RECORDED DATA:
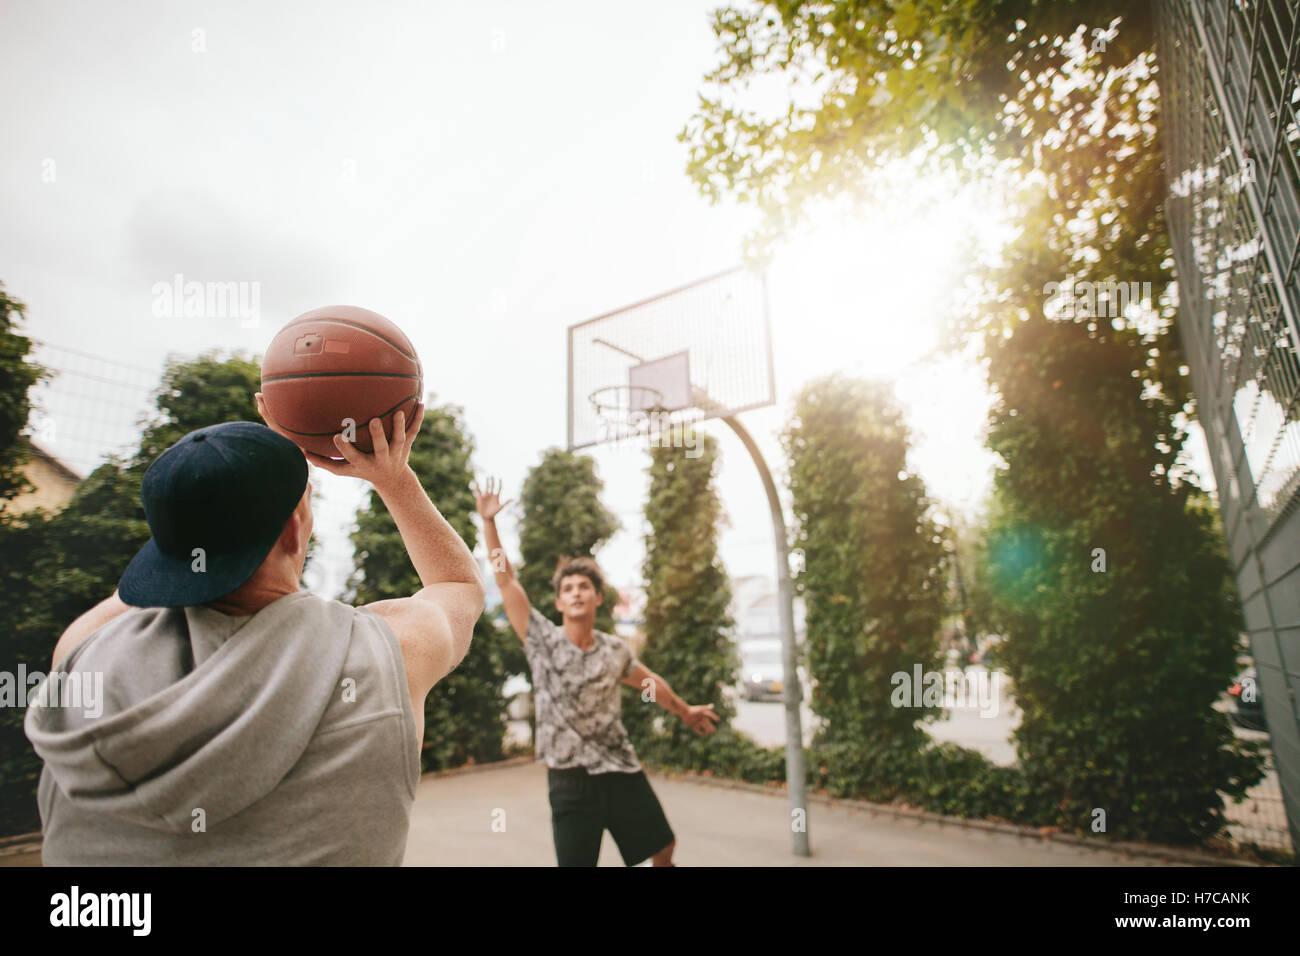 Les joueurs de Streetball sur cour jouant au basket-ball. Jeune mec en tenant tourné vers le panier avec ami Photo Stock
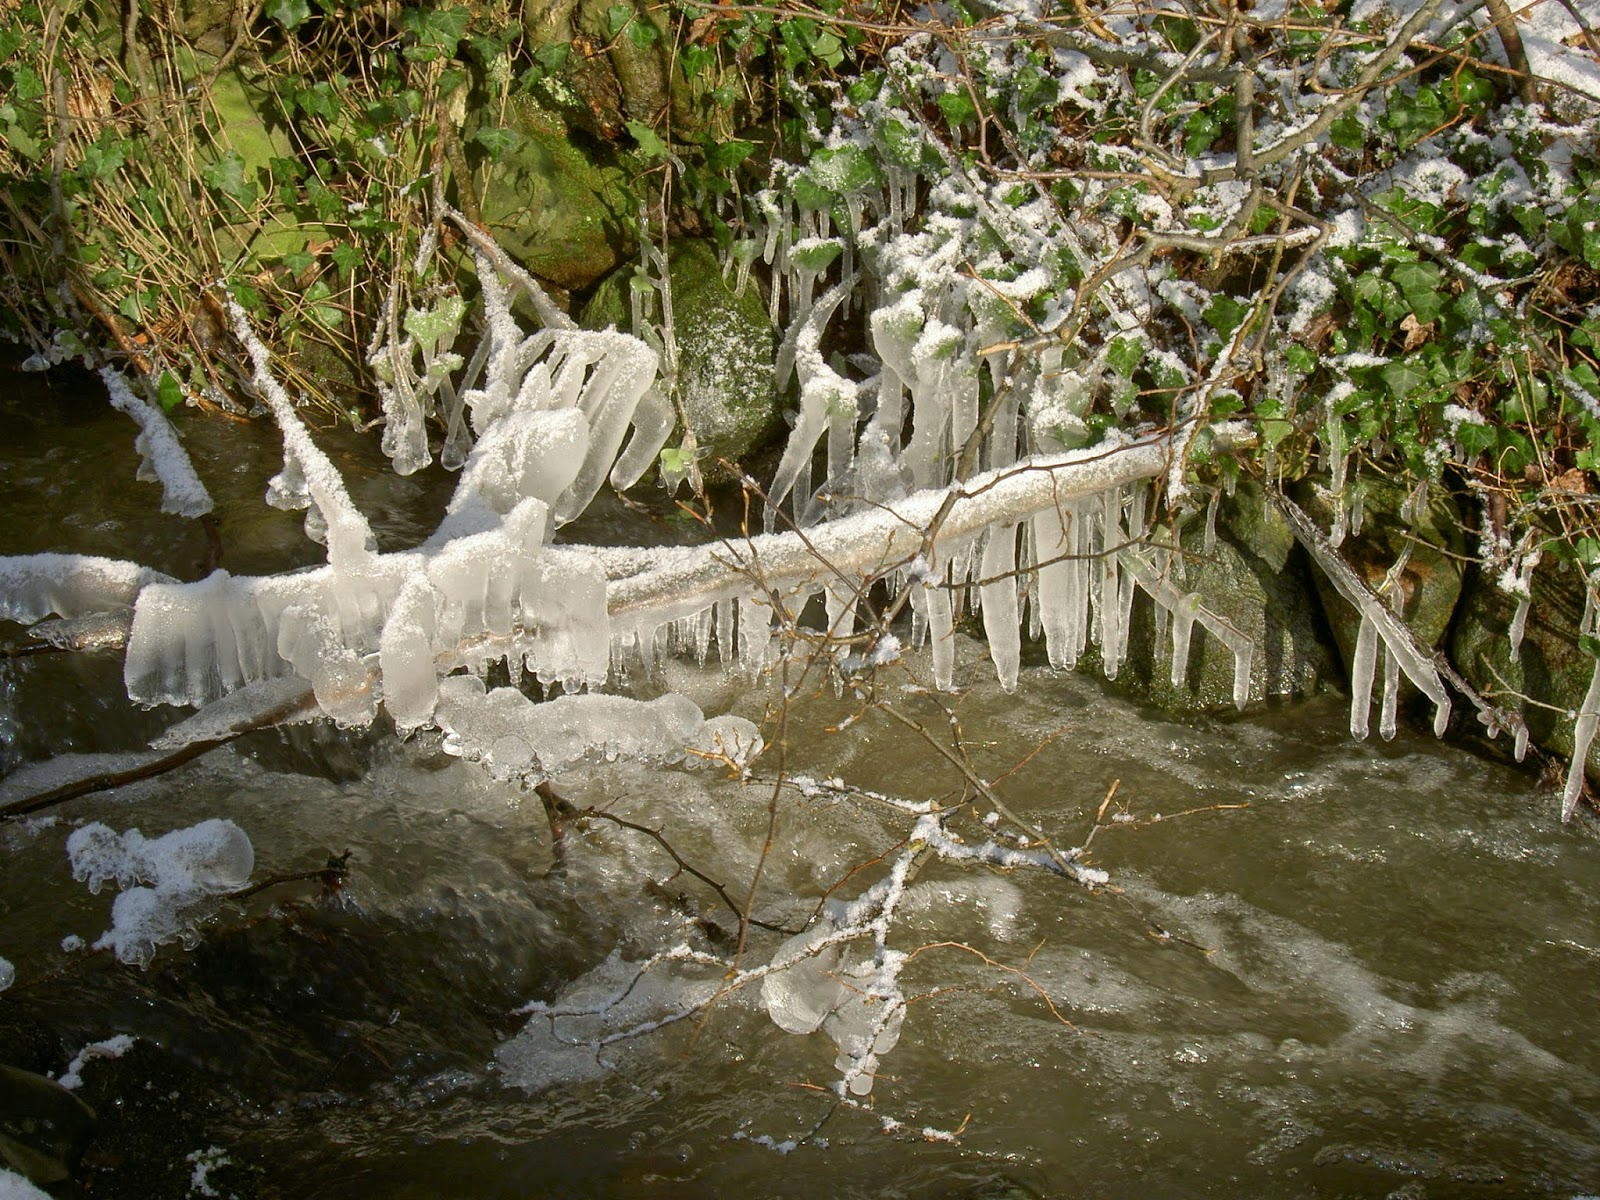 Bach im Winter: Äste, die in den Bach hängen, sind vereist.
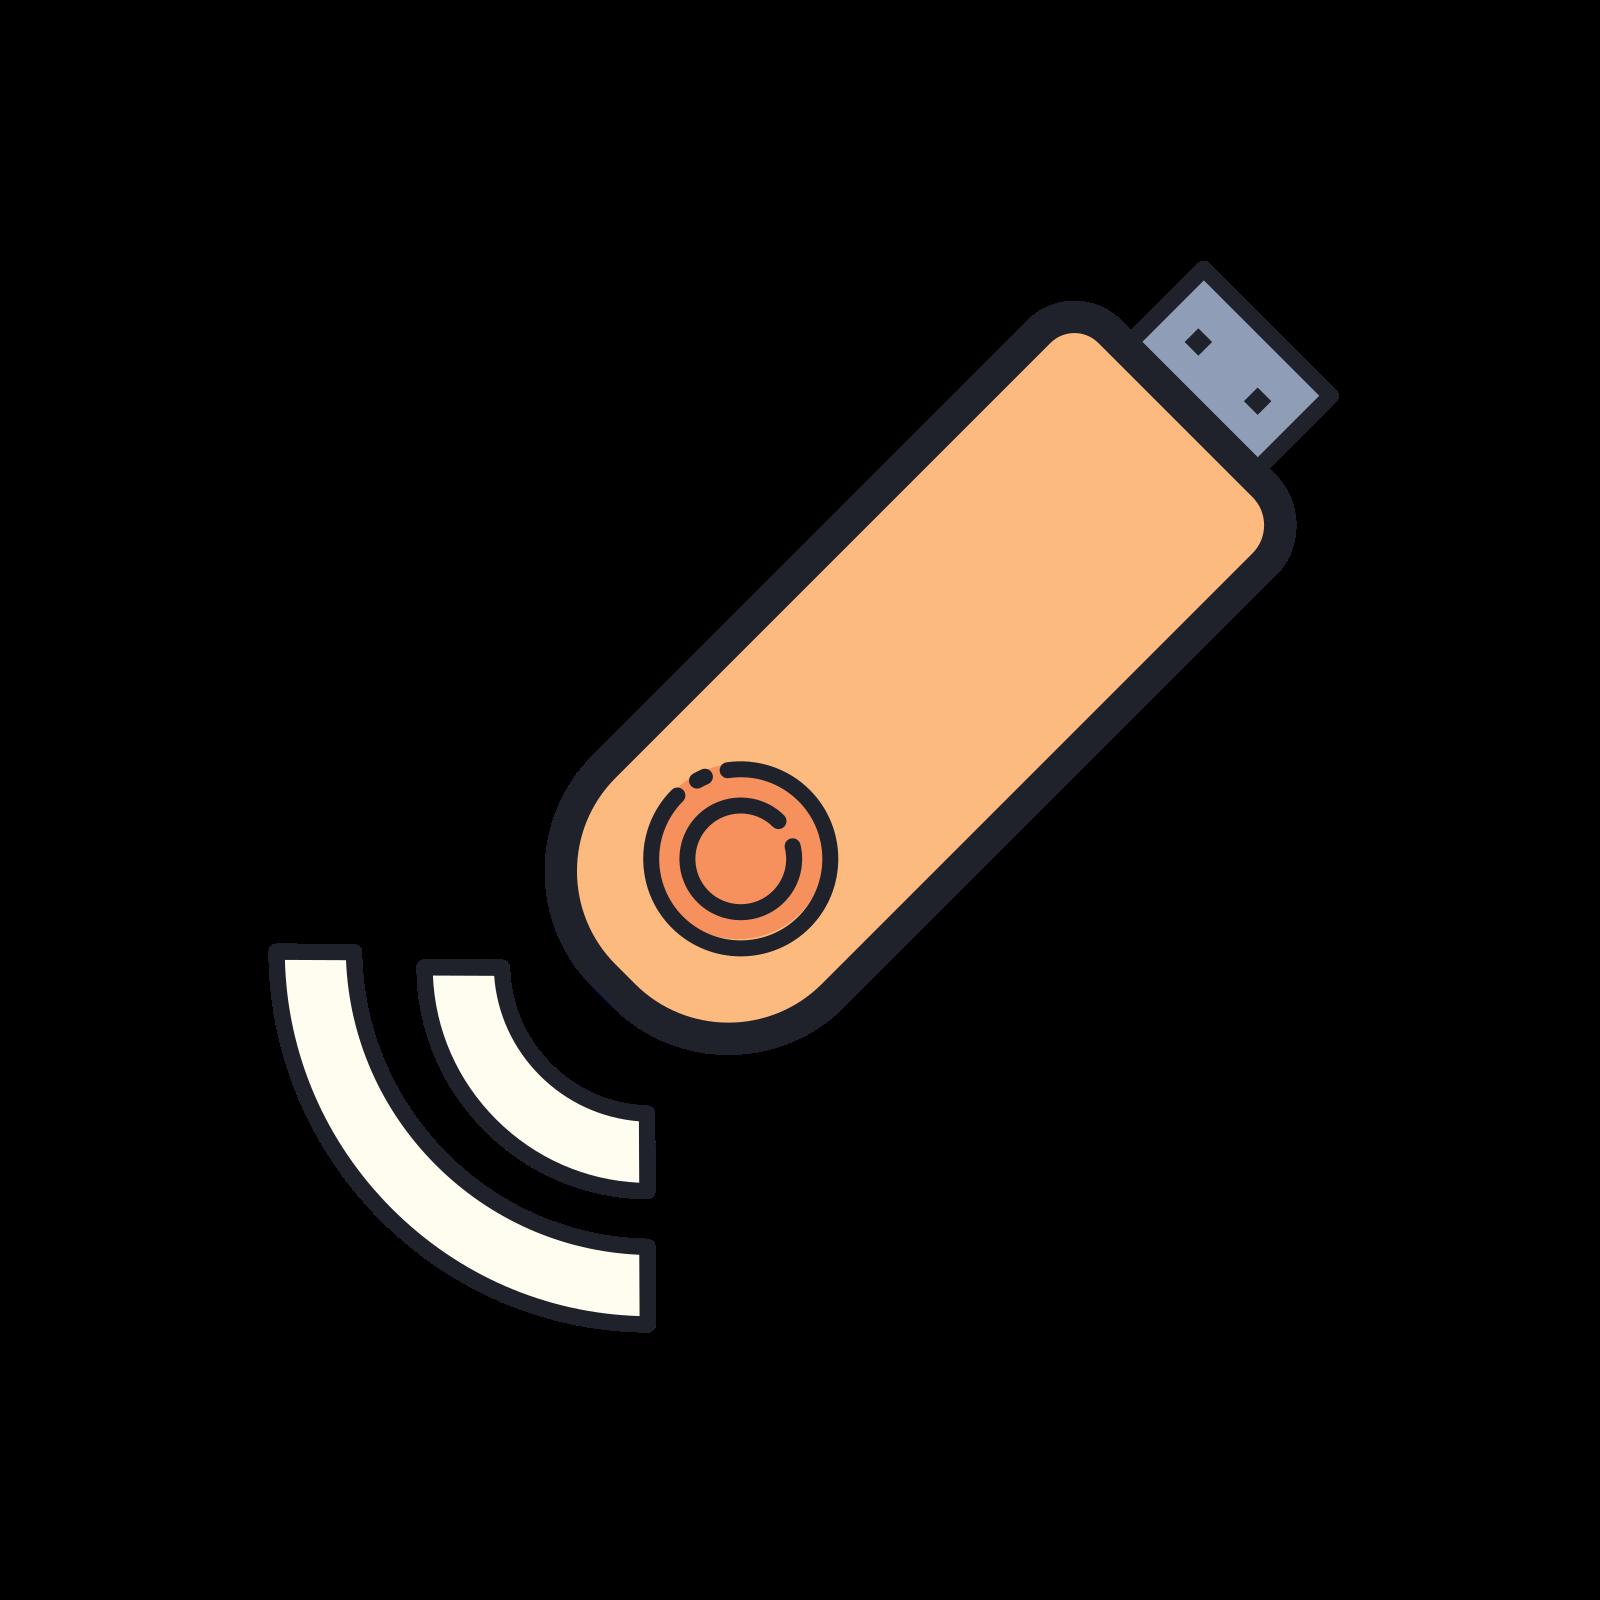 Wi-Fi Modem icon

WHAT THE TASK ASKS: Please repeat the data above exactly as it appears, pictures excluded.

TASK RESPONSE:
 Les joueurs de Streetball sur cour jouant au basket-ball. Jeune mec en tenant tourné vers le panier avec ami Photo Stock
 Bach im Winter: Äste, die in den Bach hängen, sind vereist.
 Wi-Fi Modem icon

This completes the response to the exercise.